What’s the reason for using <cstdio> instead of <stdio.h>? Merely to pretend more standard compliant?

Framers of the C++ standard probably wished to “clean” the global namespace by pulling everything into std. Unfortunately, many implementations (Microsoft, GNU, etc.) instead put all those symbols in both the global and std namespaces, rendering this argument invalid in practice.

Even more unfortunately, a few other well-known implementations (e.g. Solaris) actually followed the standards.

Actually I lost some points in a course for exactly this reason, in which the TA failed to compile on Solaris my program which compiled well on Linux. In that program I included <cstdio> but forgot to pretend std:: to two printf‘s. Since then, I have always been using <name.h> rather than <cname> though “deprecated.”

To write strictly conforming programs, we need to remember what symbols are macros and what are not. The C++ standard lists those symbols which are symbols:

[Note: the names defined as macros in C include the following: assert, errno, offsetof, setjmp, va_arg, va_end, and va_start. -end note]
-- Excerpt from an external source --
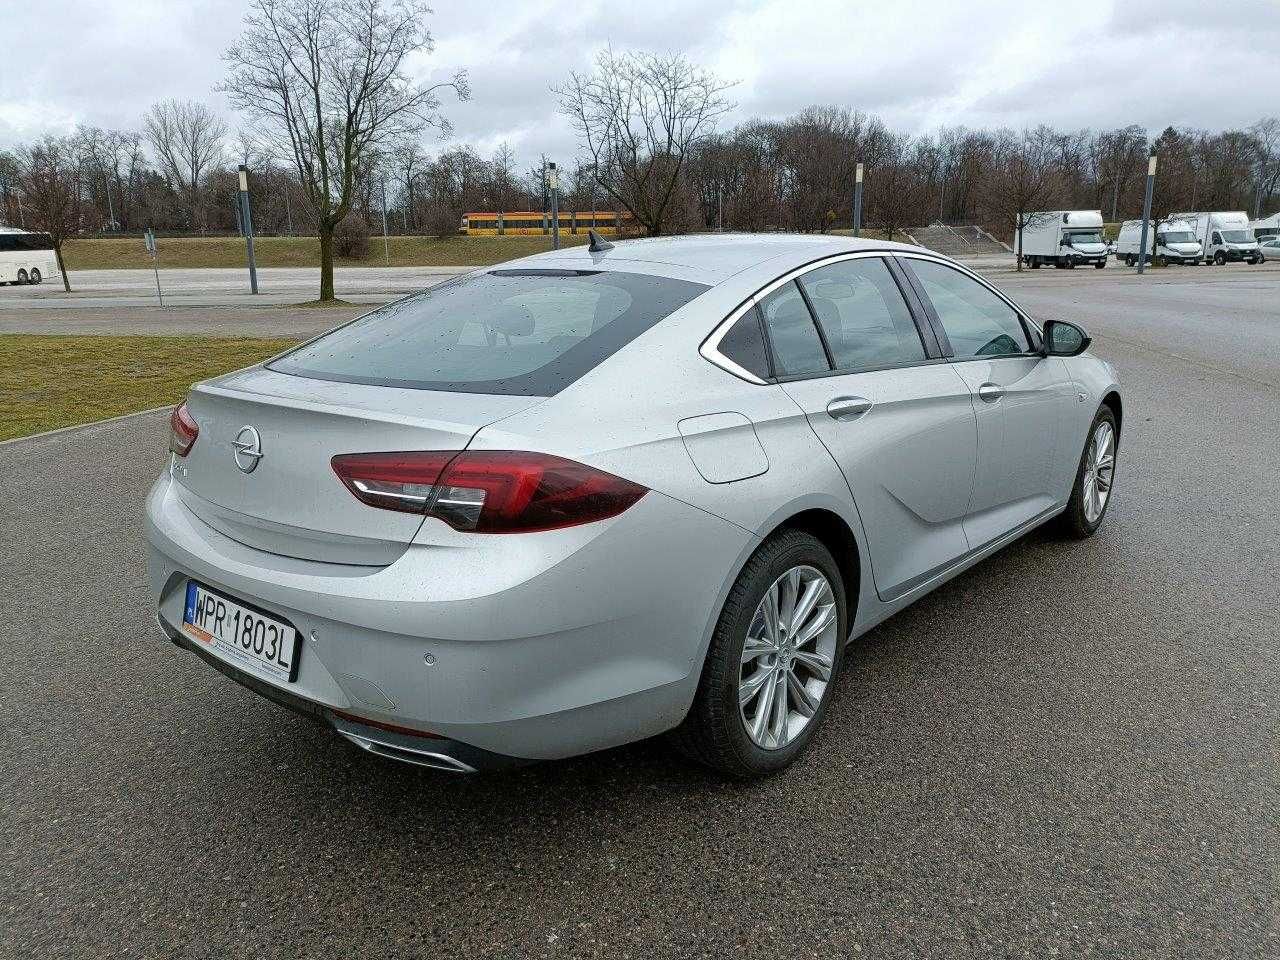 Opel Insignia, Wynajem długoterminowy samochodów, wypożyczalnia aut

They had the rarely-used setjmp here, but omitted three very important ones which the C standard says should be macros. Let’s look into the header stdio.h provided by glibc:

/* Standard streams. */
extern struct _IO_FILE *stdin; /* Standard input stream. */
extern struct _IO_FILE *stdout; /* Standard output stream. */
extern struct _IO_FILE *stderr; /* Standard error output stream. */
/* C89/C99 say they're macros. Make them happy. */
#define stdin stdin
#define stdout stdout
#define stderr stderr

They’re not in std either.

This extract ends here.